• **Provided data**
====================

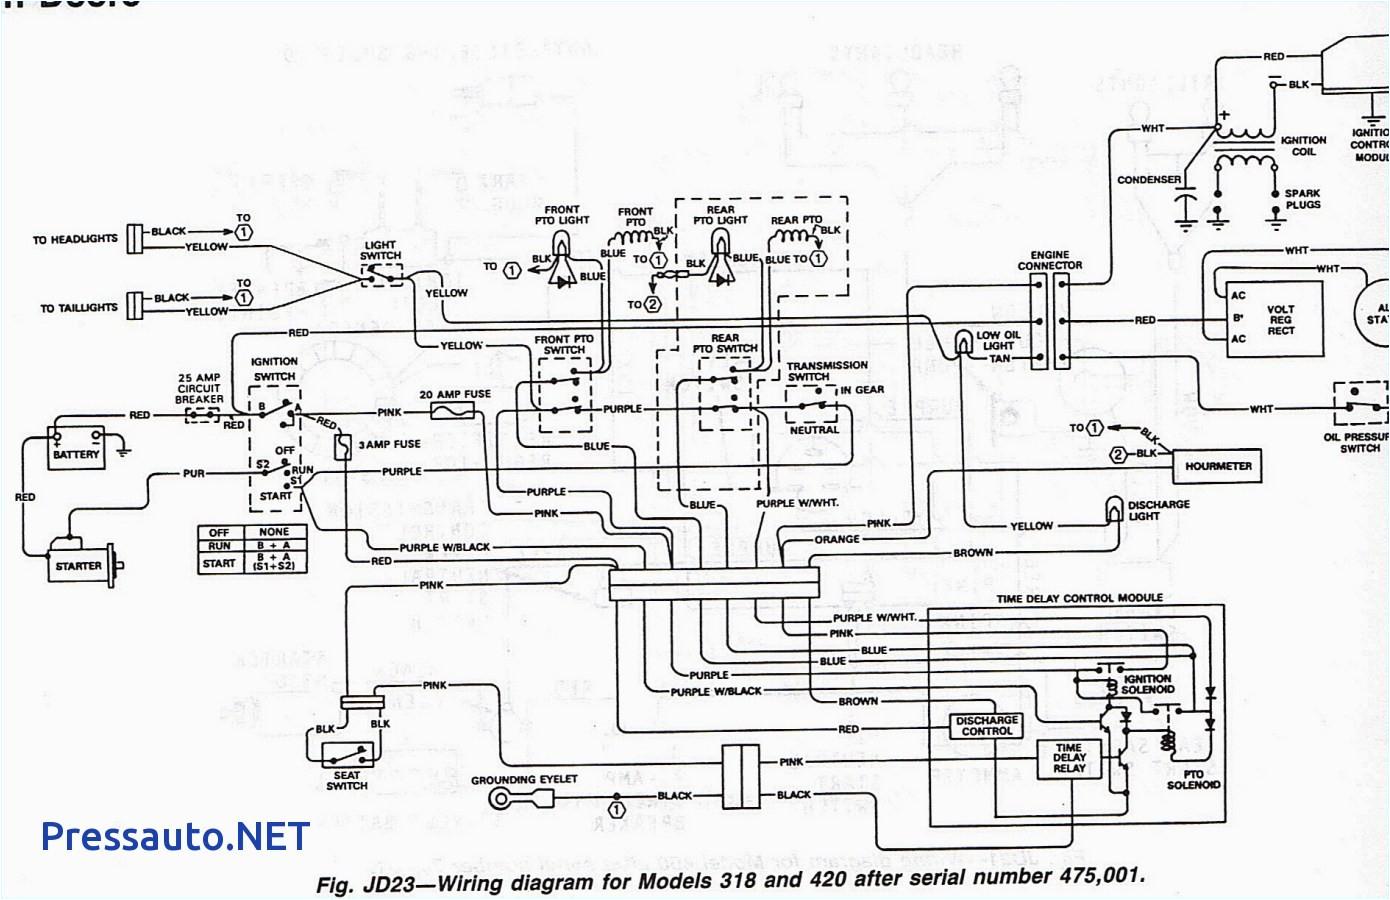 f932 wiring diagram wiring diagramjohn deere 655 wiring diagram blog wiring diagramstx46 wiring diagram wiring diagram
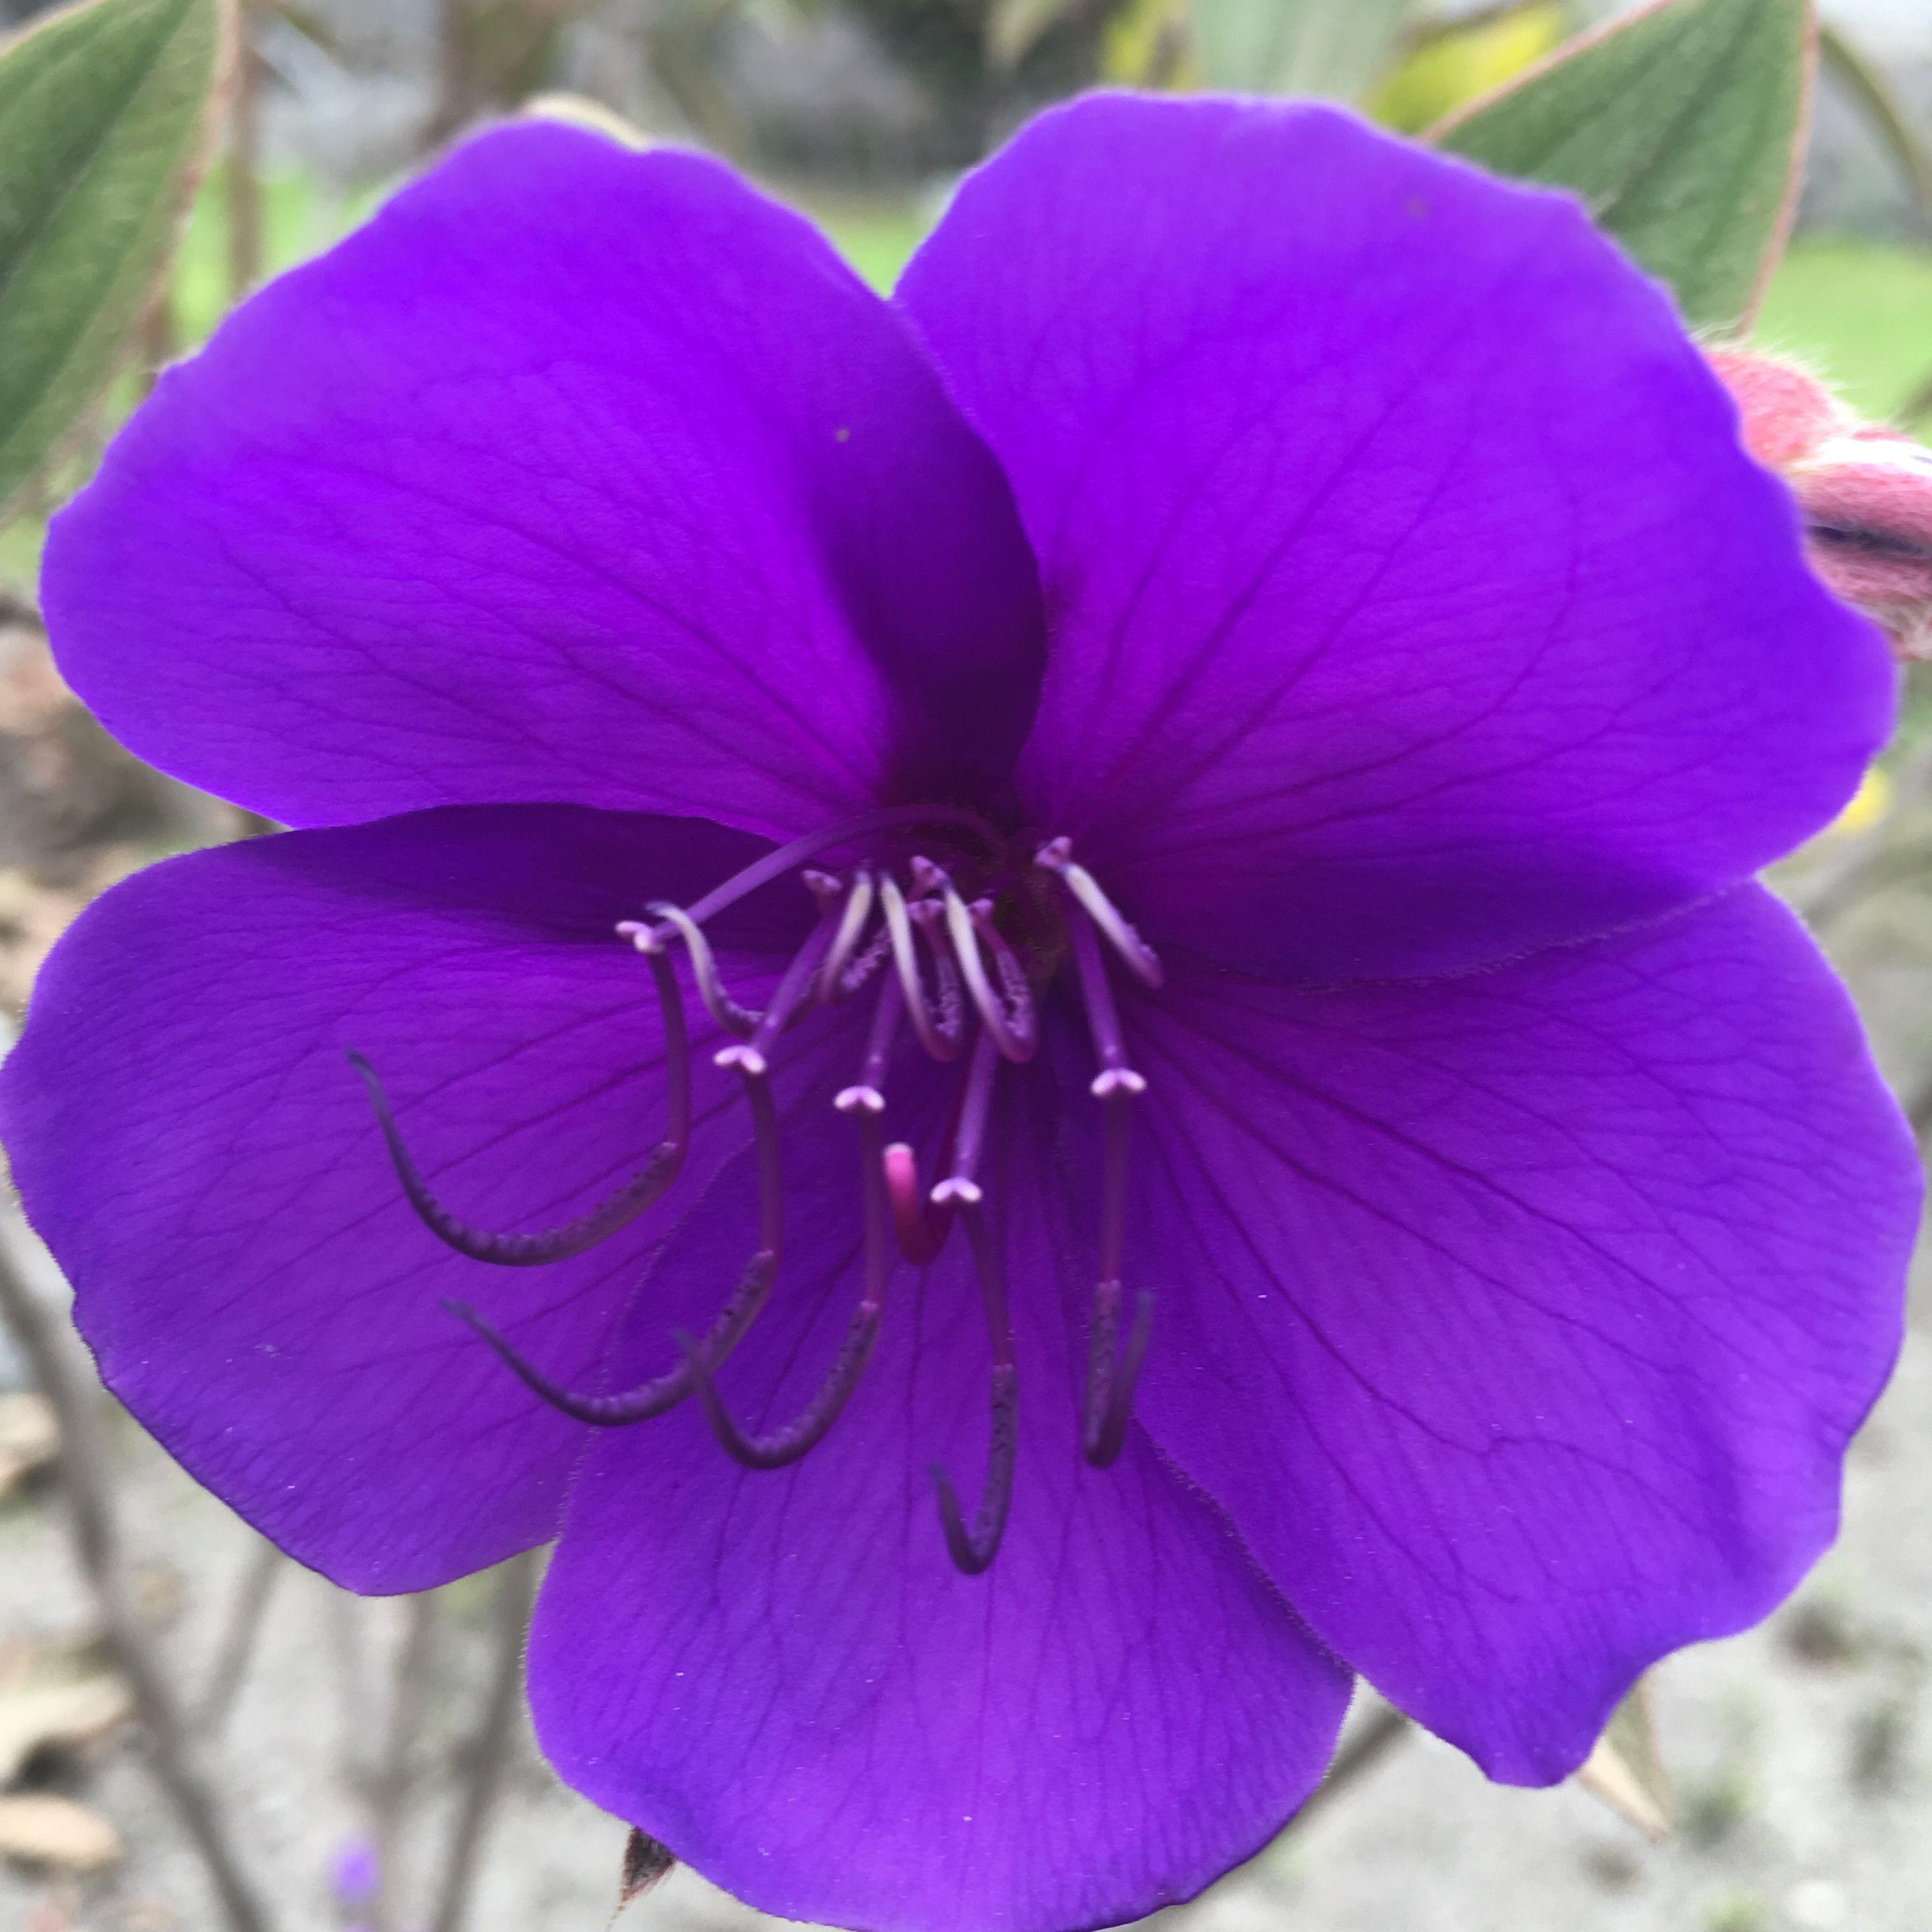 Flor pºrpura San Antonio de Pichincha Ecuador
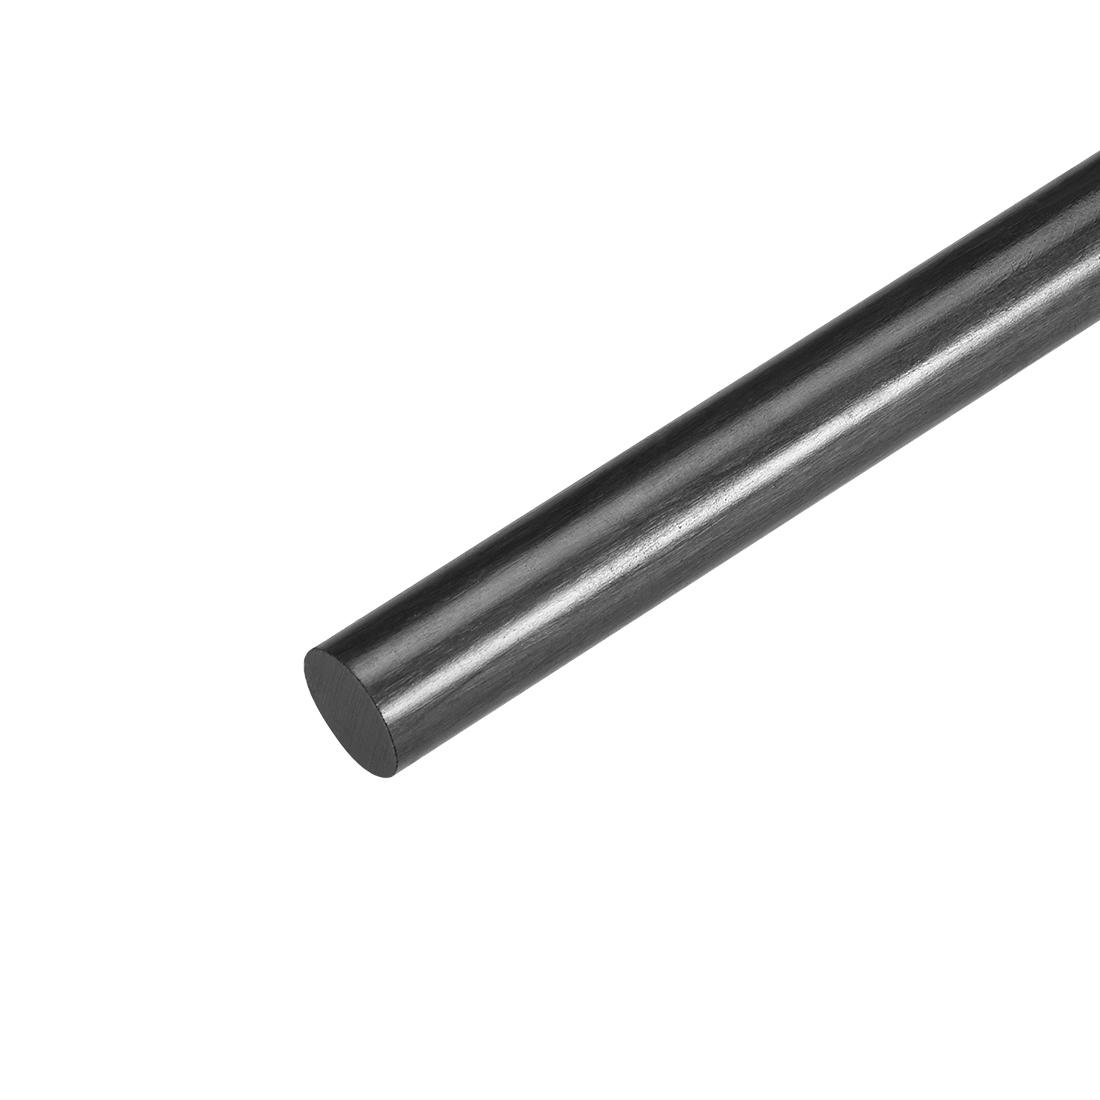 8.5mm Carbon Fiber Bar For RC Airplane Matte Pole US, 200mm 7.8 inch

====================

• **Task statement**
Omit the pictures, and quote the material above exactly as given.

• **Written solution**
 f932 wiring diagram wiring diagramjohn deere 655 wiring diagram blog wiring diagramstx46 wiring diagram wiring diagram
 Flor pºrpura San Antonio de Pichincha Ecuador
 8.5mm Carbon Fiber Bar For RC Airplane Matte Pole US, 200mm 7.8 inch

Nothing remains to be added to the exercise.